--- START ---

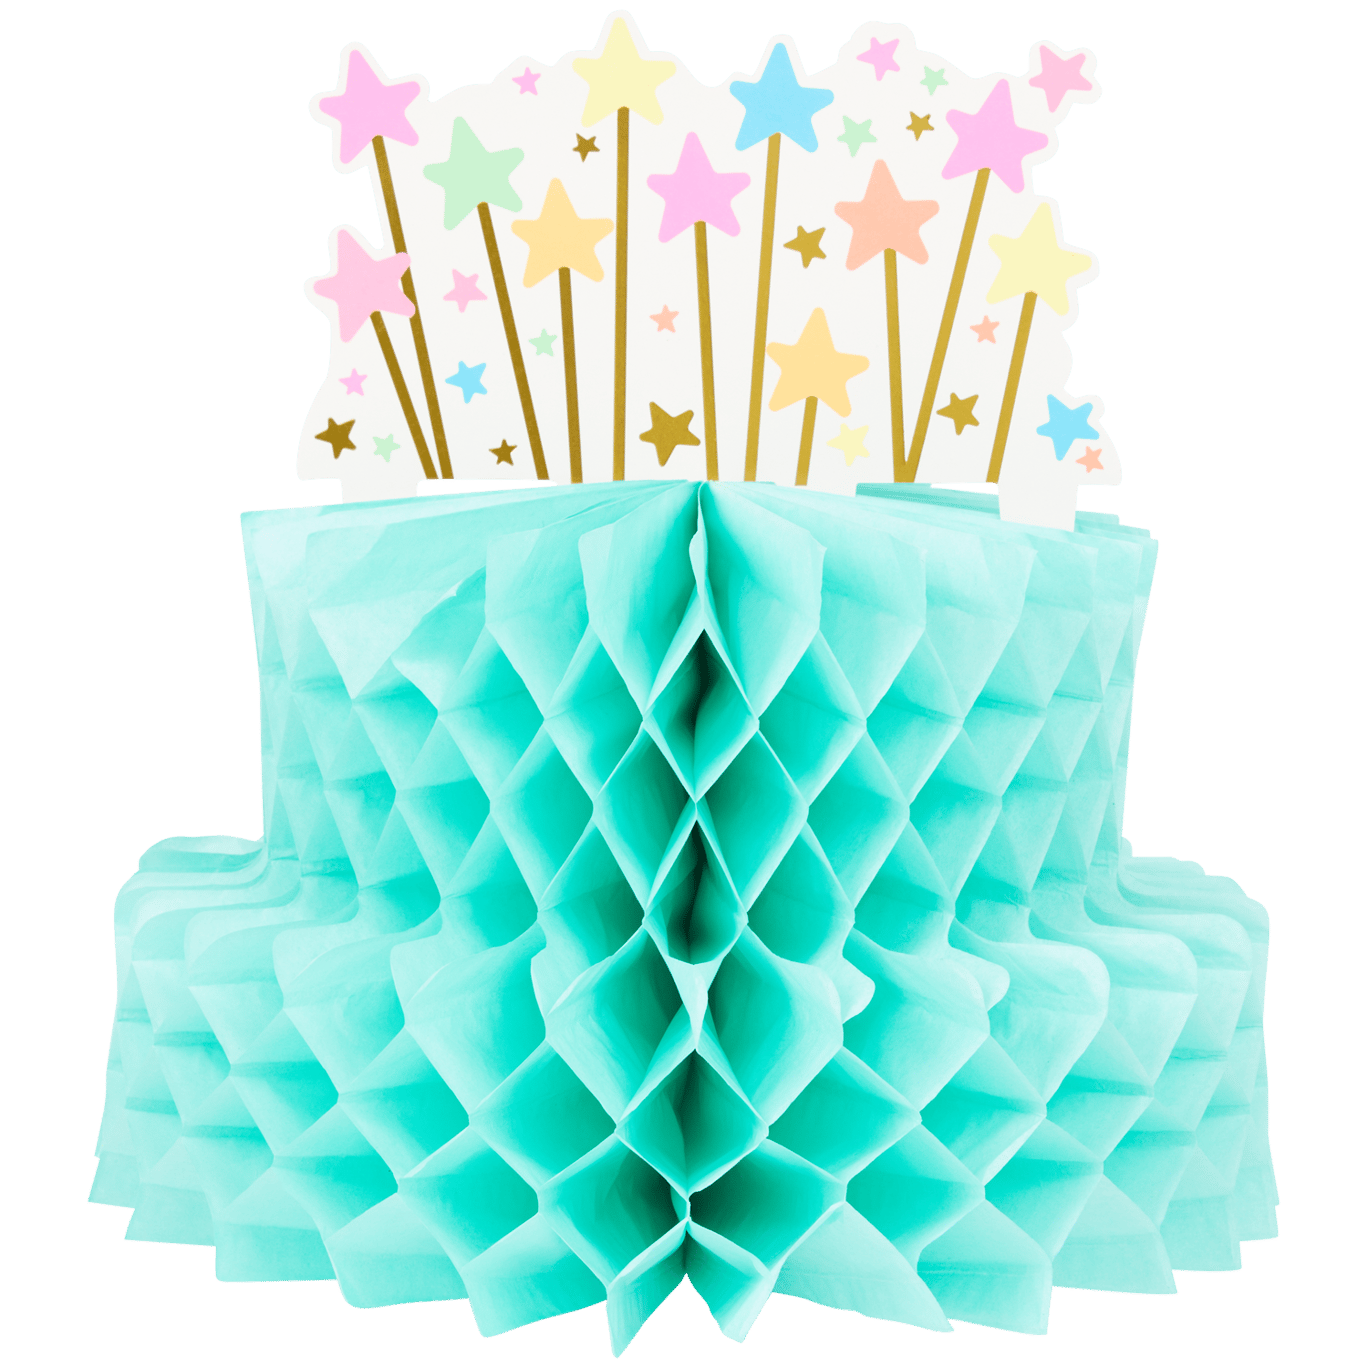 Ciasto-dekoracja w kształcie plastra miodu
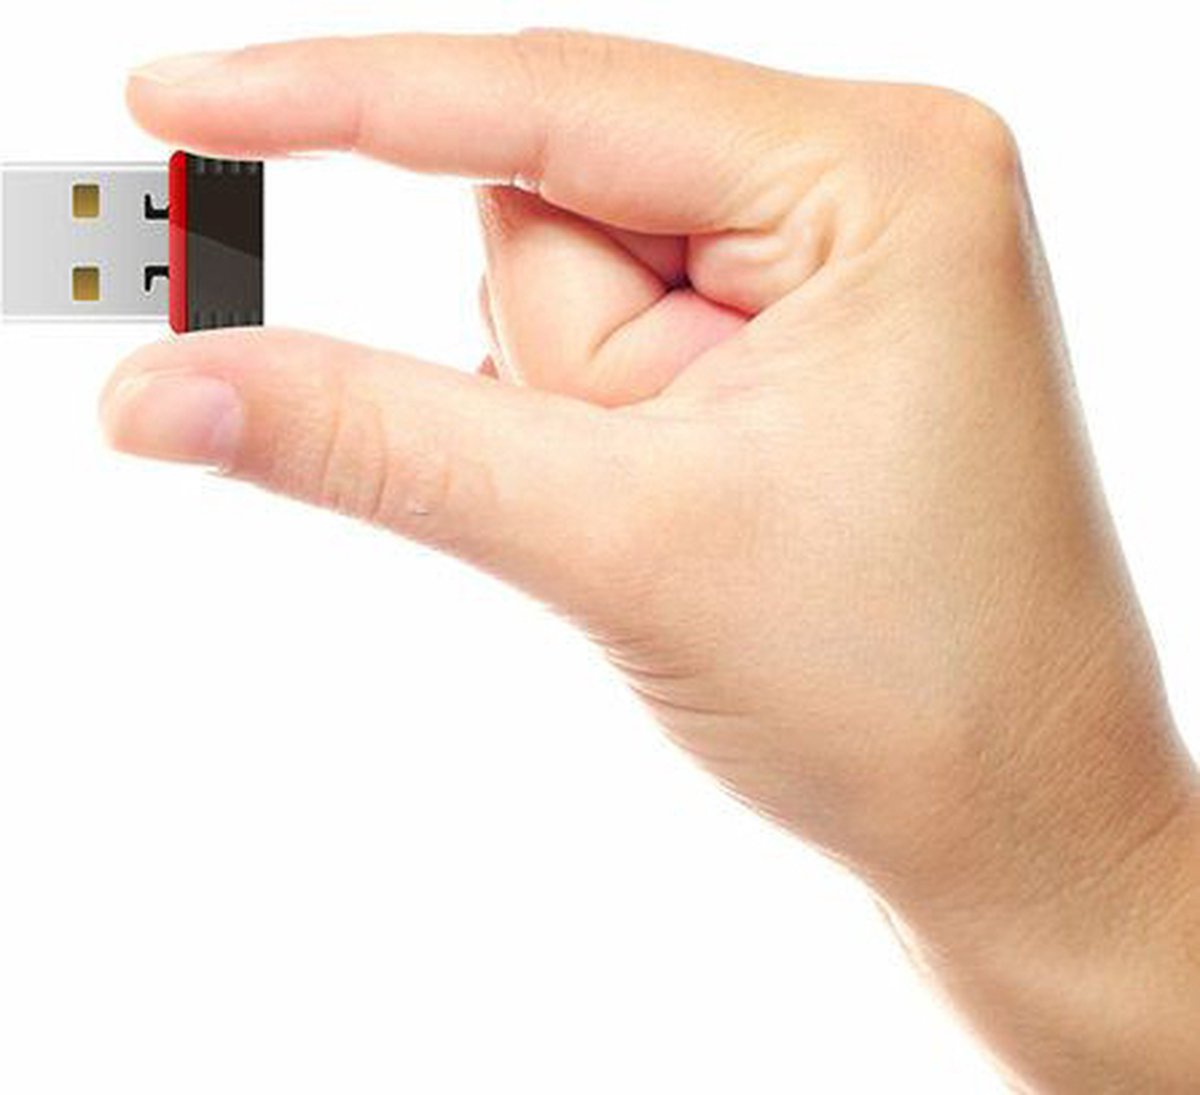 Adaptateur Hozard®, clé USB sans fil WLAN 1200 Mbps double bande 2.4G/5G USB  3.0 clé
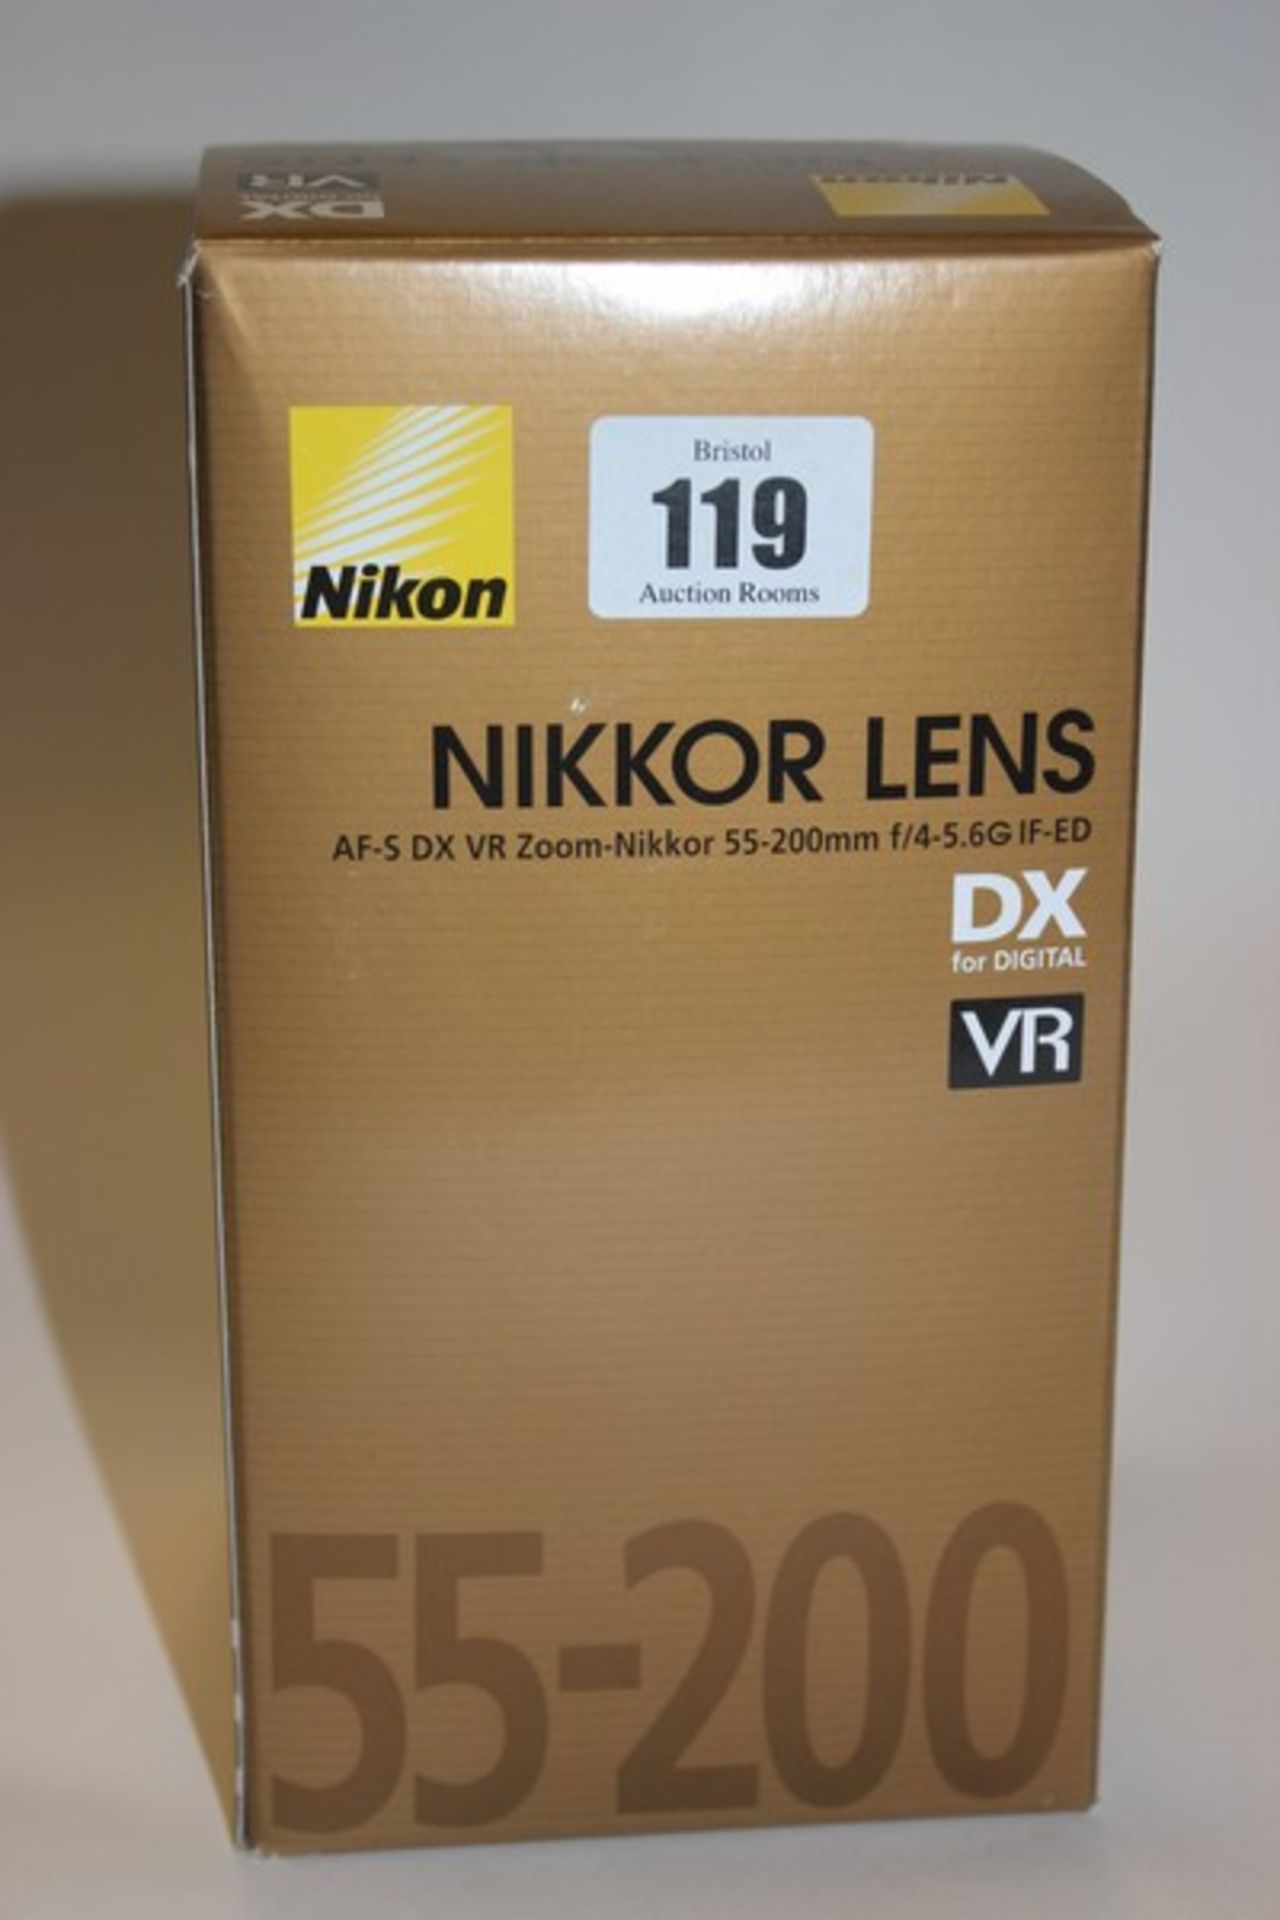 A Nikon Nikkor Lens AF-S DX VR Zoom-Nikkor 55-200mm f4-5.6G (Boxed as new).
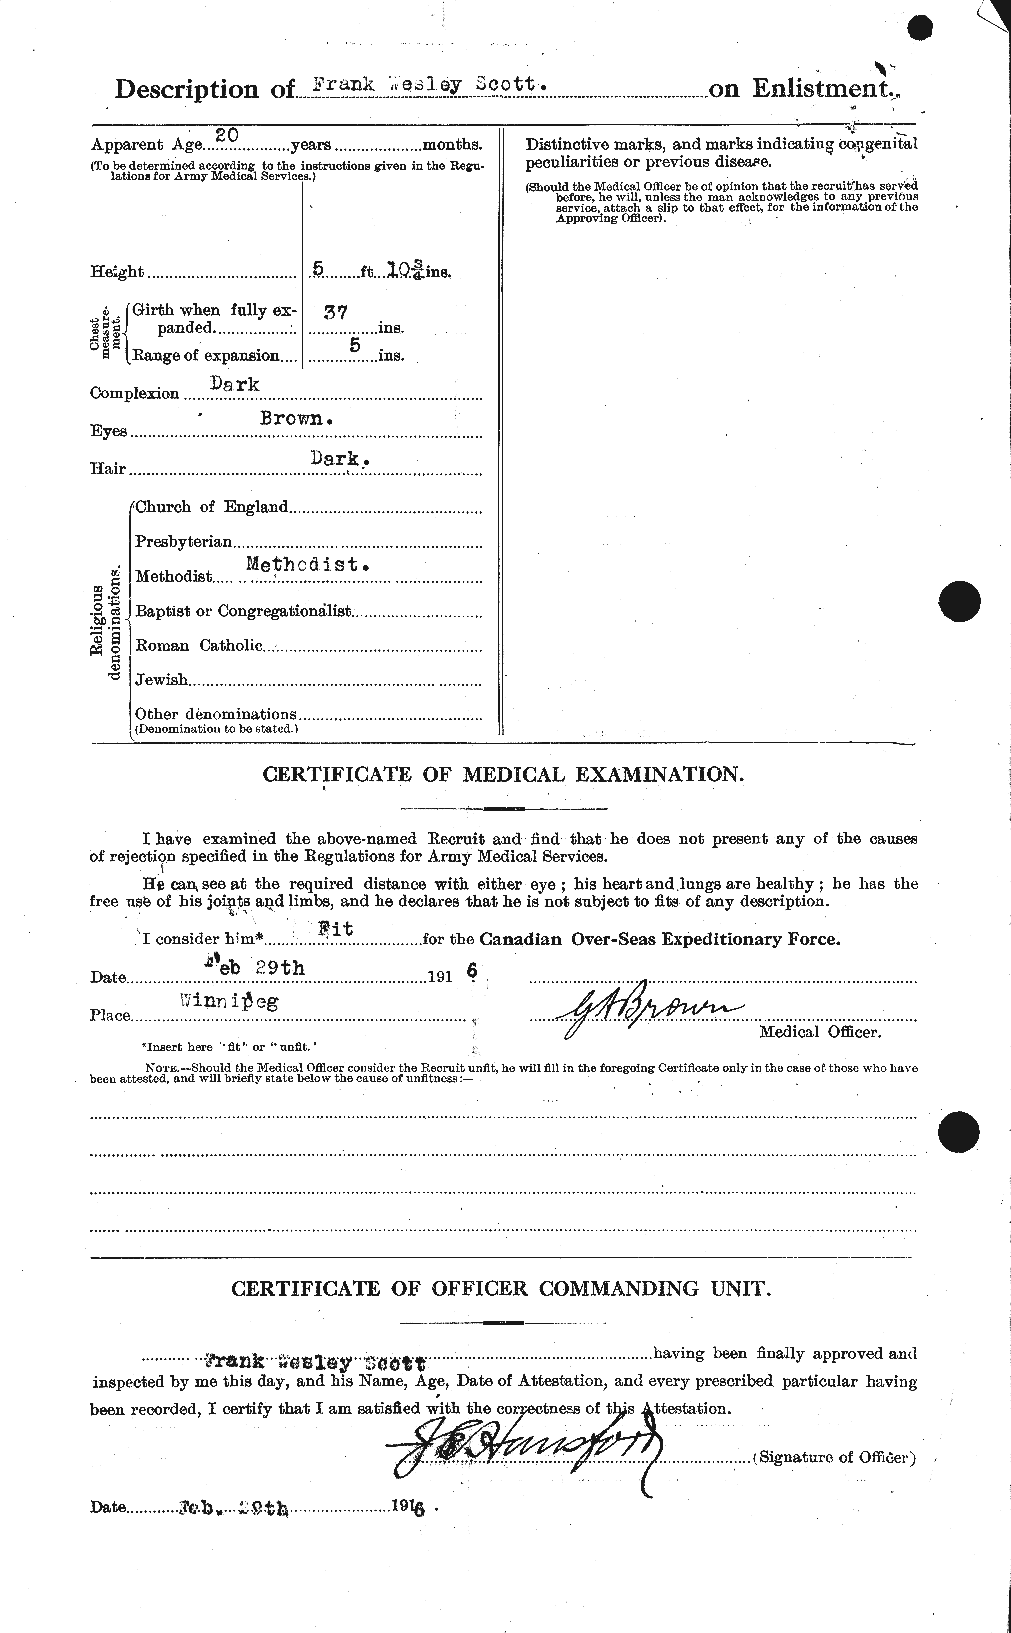 Dossiers du Personnel de la Première Guerre mondiale - CEC 084688b

--- END ---

§ WORK REQUIRED
Please repeat the data above exactly as it appears, pictures excluded.

§ WRITTEN REPLY
 Ciasto-dekoracja w kształcie plastra miodu
 Adaptateur Hozard®, clé USB sans fil WLAN 1200 Mbps double bande 2.4G/5G USB  3.0 clé
 A Nikon Nikkor Lens AF-S DX VR Zoom-Nikkor 55-200mm f4-5.6G (Boxed as new).
 Dossiers du Personnel de la Première Guerre mondiale - CEC 084688b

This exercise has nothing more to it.